问题
All the monad articles often state, that monads allow you to sequence effects in order.
But what about simple composition? Ain't
f x = x + 1
g x = x * 2
result = f g x
requires g x to be computed before f ...?
Do monads do the same but with handling of effects?
回答1:
Disclaimer: Monads are a lot of things. They are notoriously difficult to explain, so I will not attempt to explain what monads are in general here, since the question does not ask for that. I will assume you have a basic grasp on what the Monad interface is as well as how it works for some useful datatypes, like Maybe, Either, and IO.
What is an effect?
Your question begins with a note:
All the monad articles often state, that monads allow you to sequence effects in order.
Hmm. This is interesting. In fact, it is interesting for a couple reasons, one of which you have identified: it implies that monads let you create some sort of sequencing. That’s true, but it’s only part of the picture: it also states that sequencing happens on effects.
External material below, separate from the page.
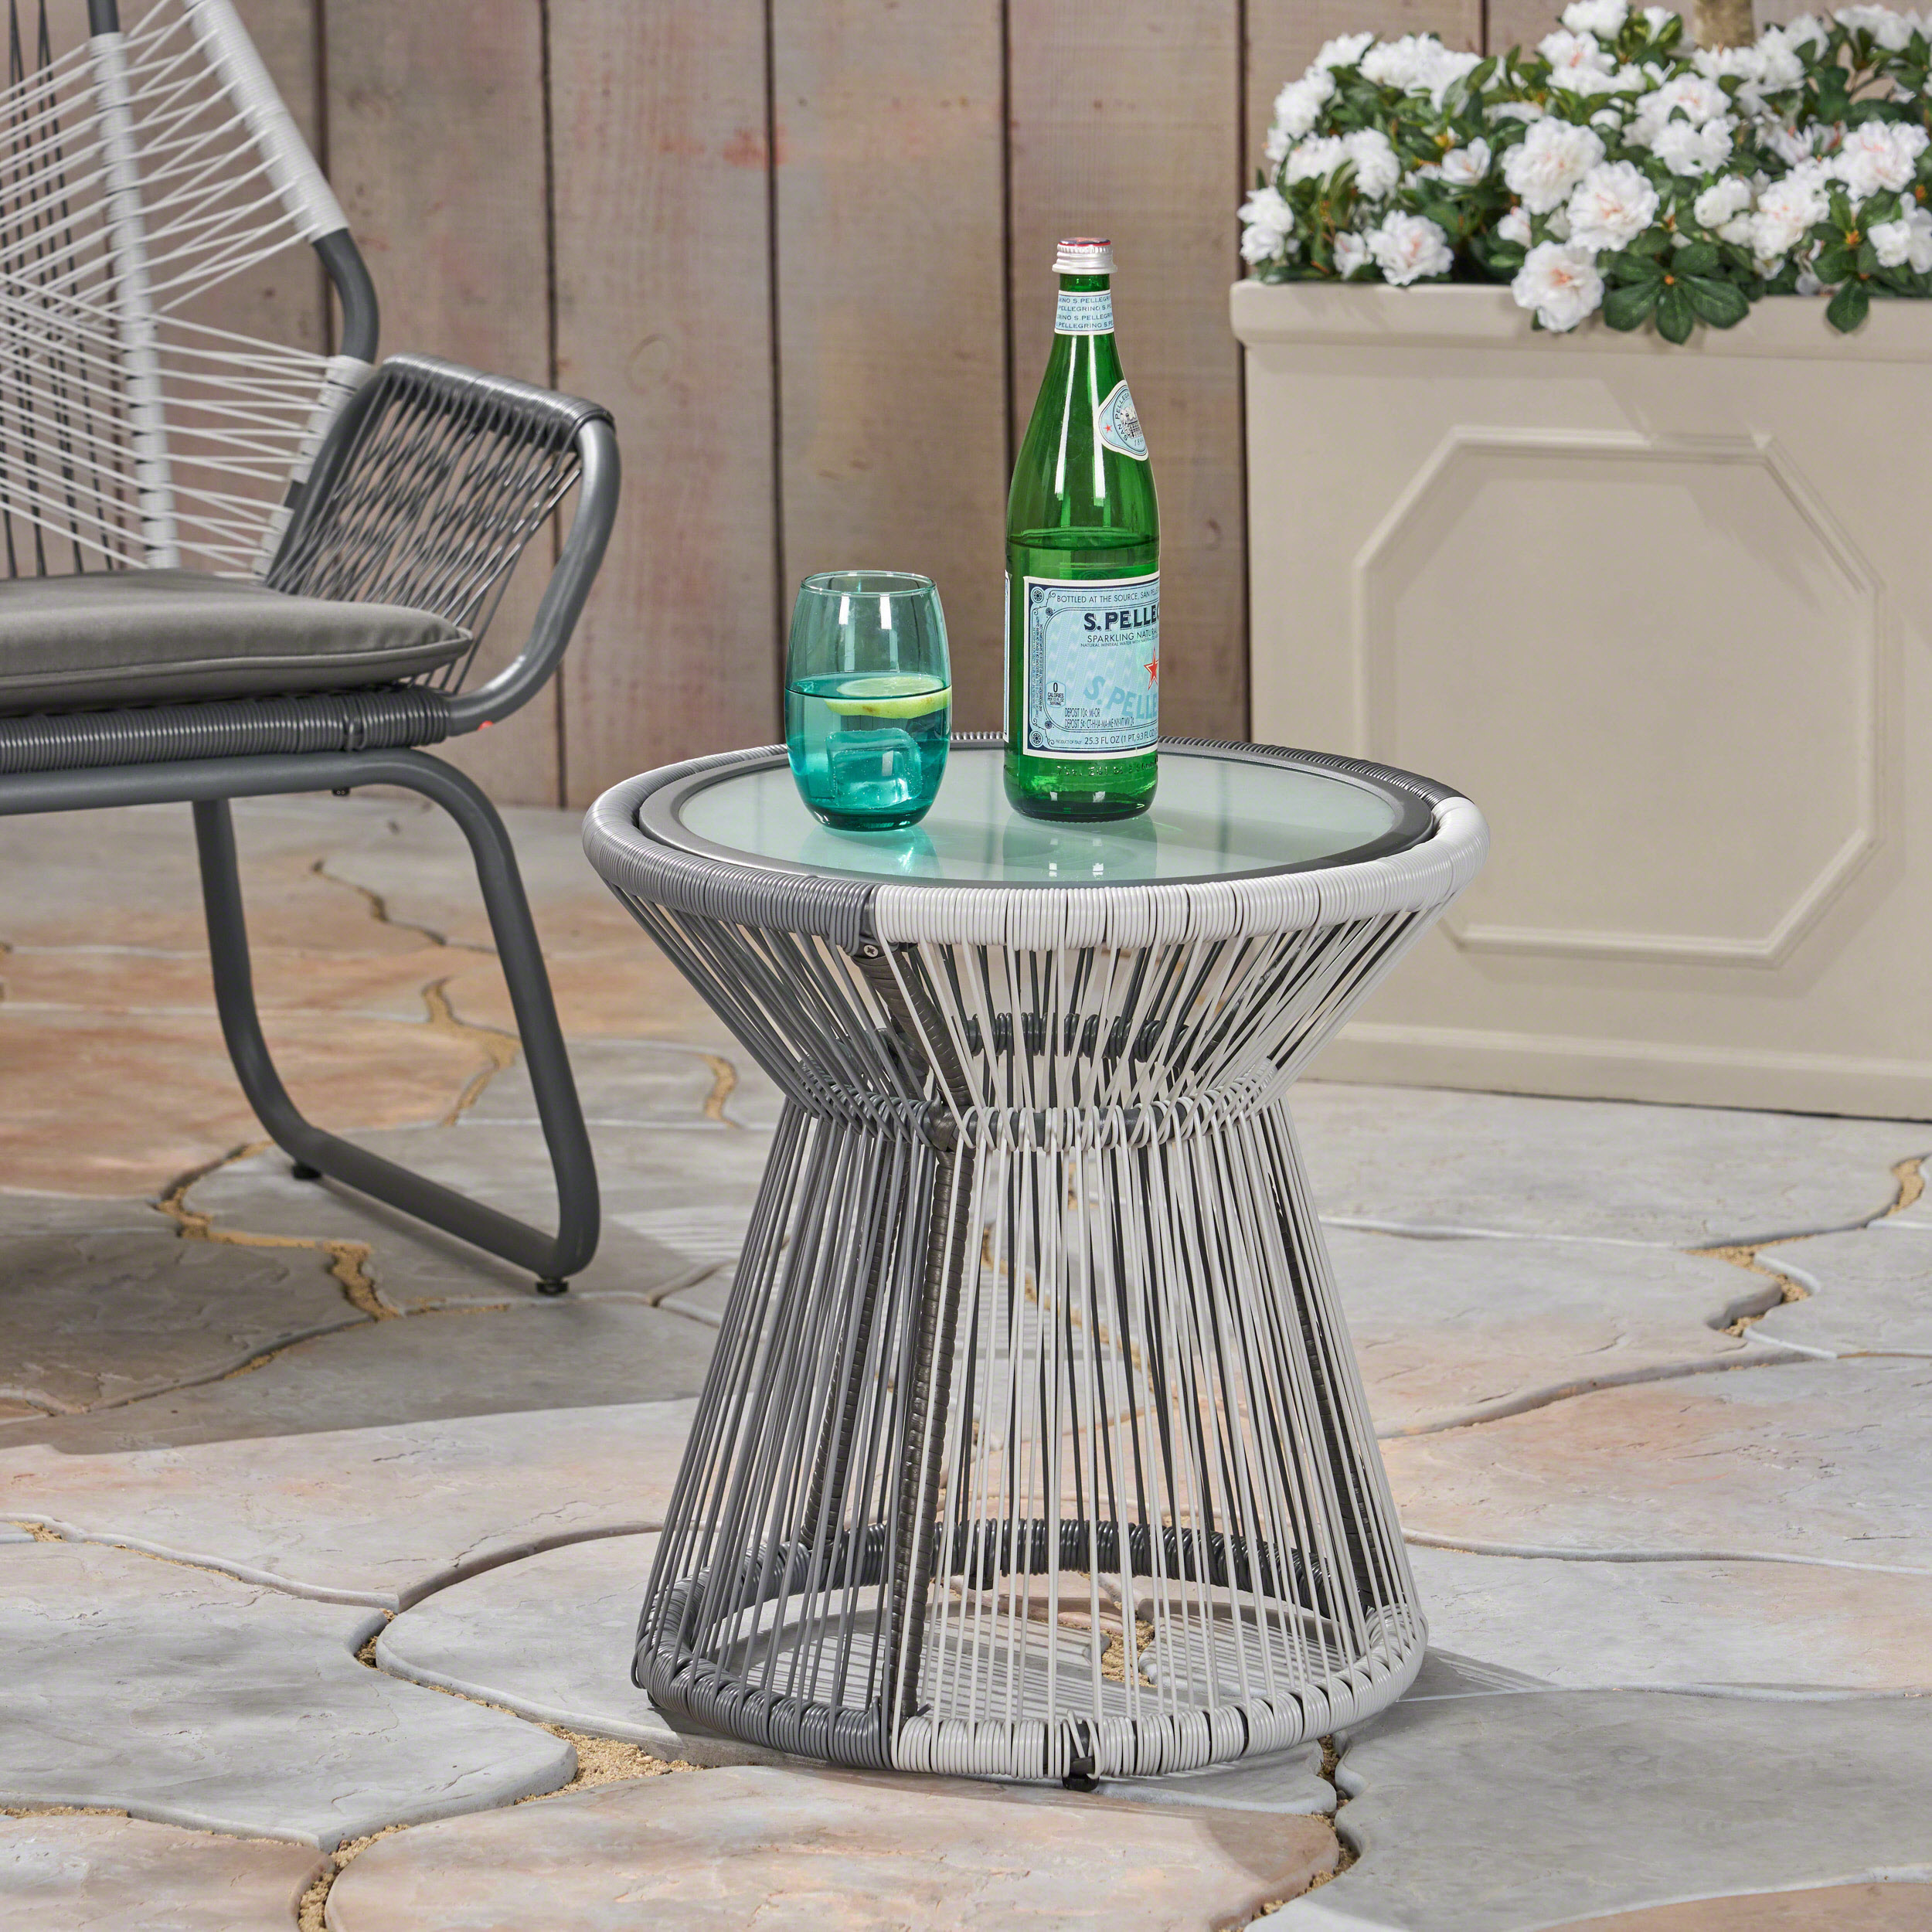 Reid Outdoor Wicker Side Table with Glass Top, Gray, White - image 1 of 5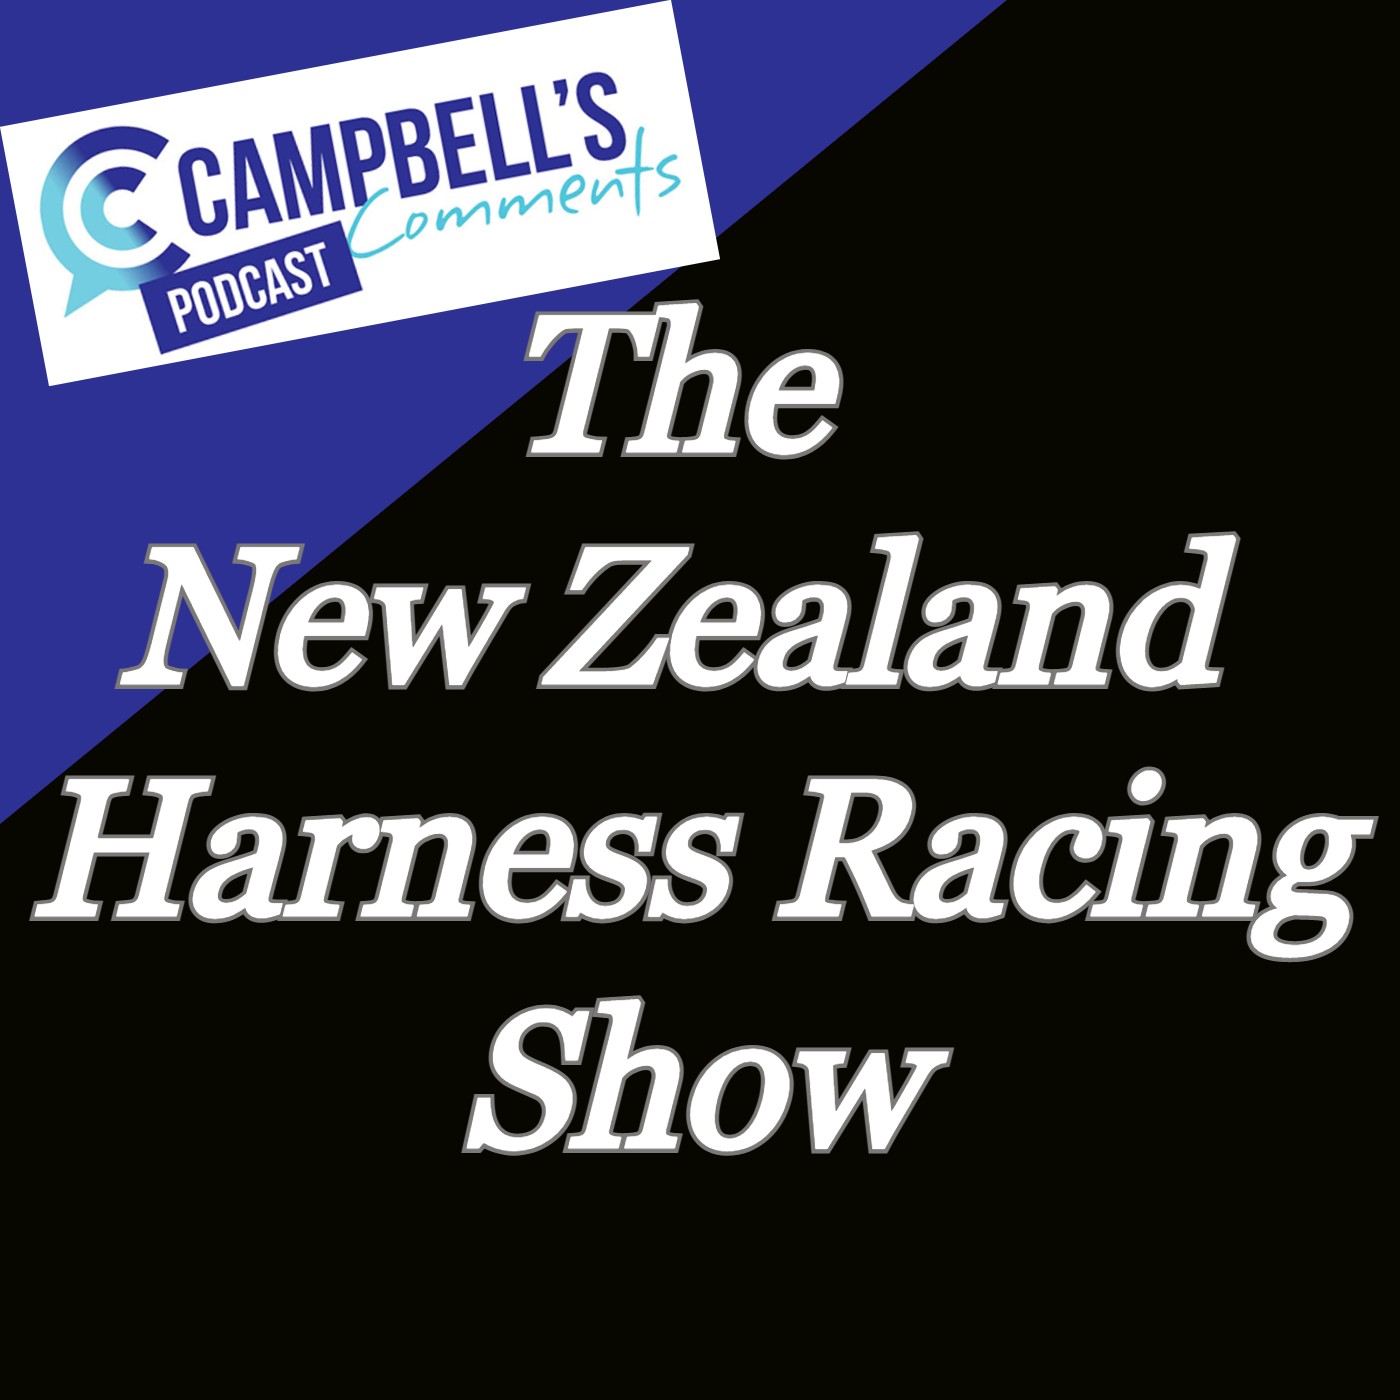 You are currently viewing 211: Campbells Comments, The New Zealand Harness Racing Show

Here’s the thing, though… what is an “effect”? Is adding two numbers together an effect? Under most definitions, the answer would be no. What about printing something to stdout, is that an effect? In that case, I think most people would agree that the answer is yes. However, consider something more subtle: is short-circuiting a computation by producing Nothing an effect?
Error effects
Let’s take a look at an example. Consider the following code:
> do x <- Just 1
y <- Nothing
return (x + y)
Nothing
The second line of that example “short-circuits” due to the Monad instance for Maybe. Could that be considered an effect? In some sense, I think so, since it’s non-local, but in another sense, probably not. After all, if the x <- Just 1 or y <- Nothing lines are swapped, the result is still the same, so the ordering doesn’t matter.
However, consider a slightly more complex example that uses Either instead of Maybe:
> do x <- Left "x failed"
y <- Left "y failed"
return (x + y)
Left "x failed"
Now this is more interesting. If you swap the first two lines now, you get a different result! Still, is this a representation of an “effect” like the ones you allude to in your question? After all, it’s just a bunch of function calls. As you know, do notation is just an alternative syntax for a bunch of uses of the >>= operator, so we can expand it out:
> Left "x failed" >>= \x ->
Left "y failed" >>= \y ->
return (x + y)
Left "x failed"
We can even replace the >>= operator with the Either-specific definition to get rid of monads entirely:
> case Left "x failed" of
Right x -> case Left "y failed" of
Right y -> Right (x + y)
Left e -> Left e
Left e -> Left e
Left "x failed"
Therefore, it’s clear that monads do impose some sort of sequencing, but this is not because they are monads and monads are magic, it’s just because they happen to enable a style of programming that looks more impure than Haskell typically allows.
Monads and state
But perhaps that is unsatisfying to you. Error handling is not compelling because it is simply short-circuiting, it doesn’t actually have any sequencing in the result! Well, if we reach for some slightly more complex types, we can do that. For example, consider the Writer type, which allows a sort of “logging” using the monadic interface:
> execWriter $ do
tell "hello"
tell " "
tell "world"
"hello world"
This is even more interesting than before, since now the result of each computation in the do block is unused, but it still affects the output! This is clearly side-effectful, and order is clearly very important! If we reorder the tell expressions, we would get a very different result:
> execWriter $ do
tell " "
tell "world"
tell "hello"
" worldhello"
But how is this possible? Well, again, we can rewrite it to avoid do notation:
execWriter (
tell "hello" >>= \_ ->
tell " " >>= \_ ->
tell "world")
We could inline the definition of >>= again for Writer, but it’s too long to be terribly illustrative here. The point is, though, that Writer is just a completely ordinary Haskell datatype that doesn’t do any I/O or anything like that, and yet we have used the monadic interface to create something that looks like ordered effects.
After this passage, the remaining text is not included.